FuzzingBrain V2: Automated Vulnerability Discovery Through Multi-Agent LLM Systems

Software vulnerabilities threaten critical systems worldwide. With nearly 50,000 CVEs reported in 2025, security teams need automated tools that can discover and verify real vulnerabilities without drowning in false positives.

FuzzingBrain V2 solves this problem by combining Large Language Model reasoning with fuzzing-based verification. The system achieved 90% detection rate on the AIxCC 2025 dataset and discovered 41 zero-day vulnerabilities in real-world projects.

The Core Problem

Traditional vulnerability detection approaches face three critical gaps:

Gap 1: Unverifiable Results
LLM-based tools generate vulnerability reports but cannot prove they’re real. Security teams waste time investigating false positives.

Gap 2: Wrong Granularity
Function-level analysis misses bugs when context becomes extensive. Line-level analysis lacks sufficient context for accurate detection.

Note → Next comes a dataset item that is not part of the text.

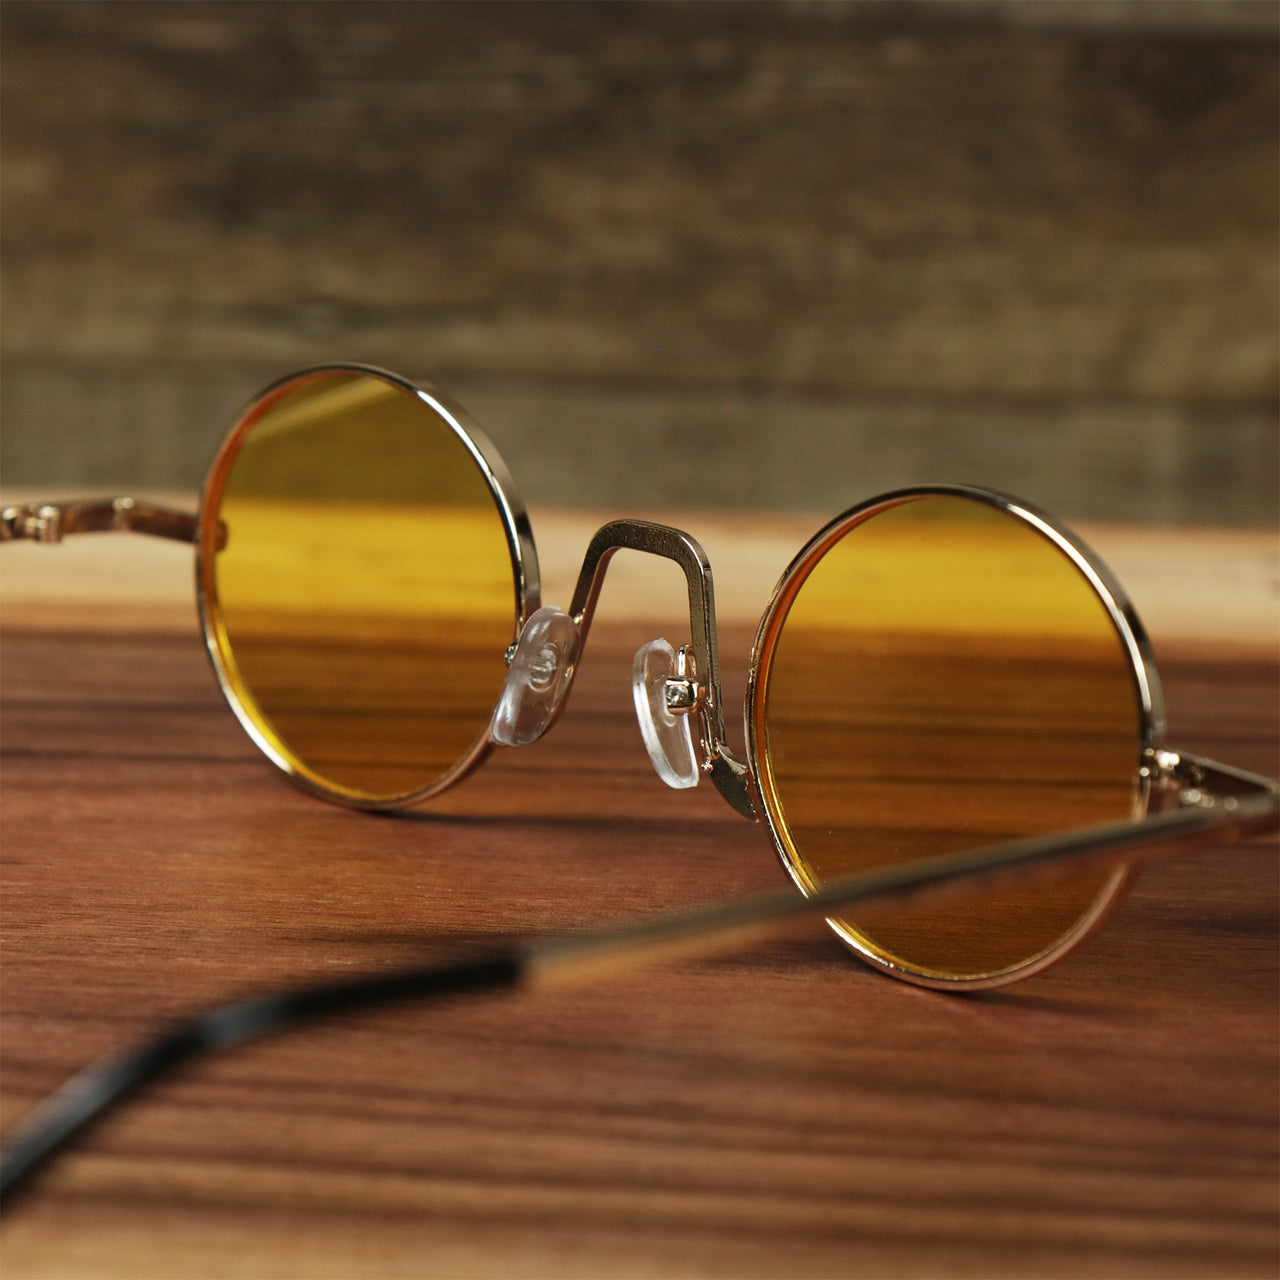 The inside of the Round Frames Yellow Lens Sunglasses with Gold Frame
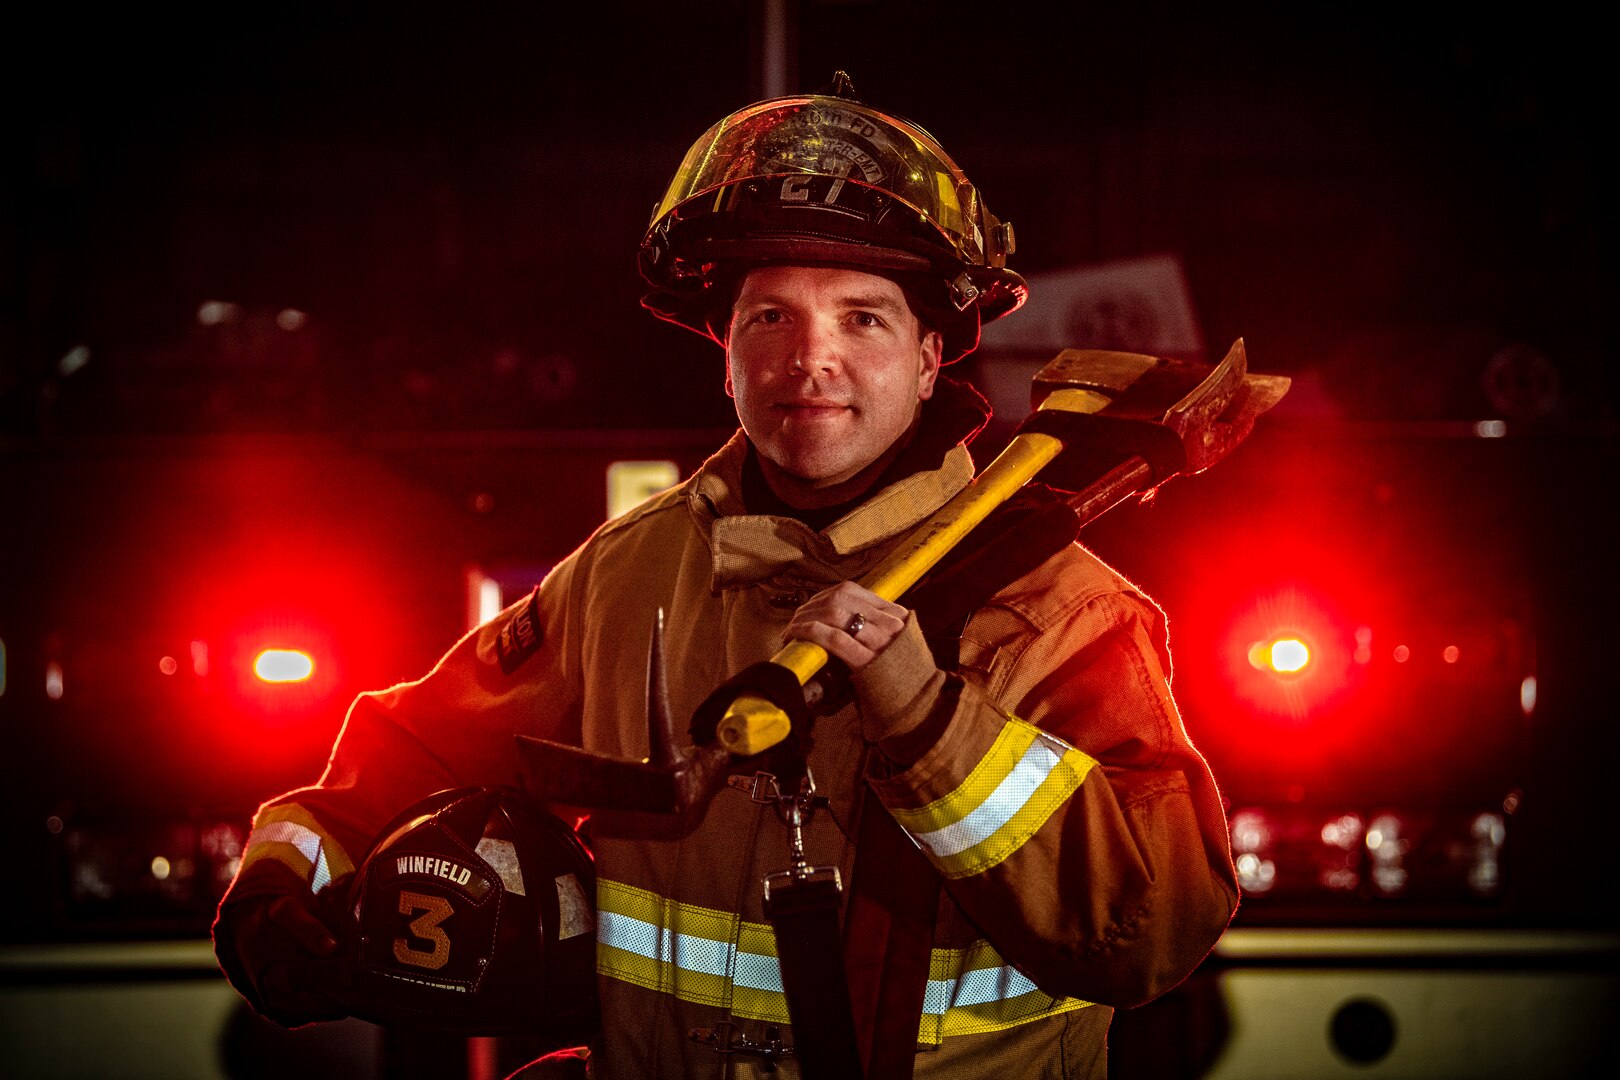 Senior Airman Nate Arthur, a fire protection craftsman assigned to the 130th Fire and Emergency Services, West Virginia Air National Guard, shown Jan. 14, 2020, at McLaughlin Air National Guard Base, Charleston, W.Va.

Gap 3: Complex Dependencies
Vulnerabilities spanning multiple functions with intricate data flows confuse existing approaches.

How FuzzingBrain V2 Works

Suspicious Points: The Key Innovation

FuzzingBrain V2 introduces “Suspicious Points” (SPs) - a novel abstraction that captures vulnerability-relevant code regions with control flow context. Instead of analyzing entire functions or individual lines, SPs focus on specific code patterns that could be vulnerable.

Each SP contains:

Function location and vulnerability description
Vulnerability type (buffer overflow, use-after-free, etc.)
Confidence score and verification status
Proof-of-concept guidance for reproduction

Multi-Agent Architecture

The system employs specialized agents working together:

Direction Generator: Divides codebases into logical business features
SP Generator: Identifies suspicious code patterns
SP Verifier: Performs deep analysis to filter false positives
PoC Generator: Crafts inputs that trigger vulnerabilities

Dual-Layer Fuzzing

Two fuzzing layers provide comprehensive coverage:

Global Fuzzer: Runs continuously for broad exploration
SP Fuzzer: Targets specific suspicious points for deep verification

Real-World Results

Competition Performance

On the AIxCC 2025 Final Competition dataset:

90% detection rate (36 of 40 vulnerabilities)
75% success on hard challenges requiring deep reasoning
First place among all competing systems

Zero-Day Discoveries

In real-world deployment across 19 open-source projects:

41 previously unknown vulnerabilities discovered
26 confirmed by maintainers
23 fixed with patches deployed

Notable discoveries include 6 vulnerabilities in OpenPrint CUPS and 4 each in fwupd and upx - mature, well-tested projects.

Technical Advantages

Logic-Driven Search

Rather than matching known vulnerability patterns, FuzzingBrain V2 analyzes business logic to identify suspicious behaviors. This enables discovery of novel vulnerability classes.

OSS-Fuzz Integration

Built on Google’s OSS-Fuzz infrastructure, the system:

Integrates with 1,000+ open-source projects
Guarantees 100% reproducibility for confirmed vulnerabilities
Automatically generates submission-ready reports

Context Engineering

The system uses the Model Context Protocol (MCP) for seamless tool integration, enabling agents to:

Perform static analysis across function boundaries
Trace complex data flows
Reason about program state and constraints

Complex Case Studies

FuzzingBrain V2 excels at discovering vulnerabilities that defeat traditional fuzzing:

Leap Second Bug: Required parsing responses with historical leap second timestamps (seconds=60) at call depth 10. The agent systematically tested different historical dates until finding one that bypassed validation.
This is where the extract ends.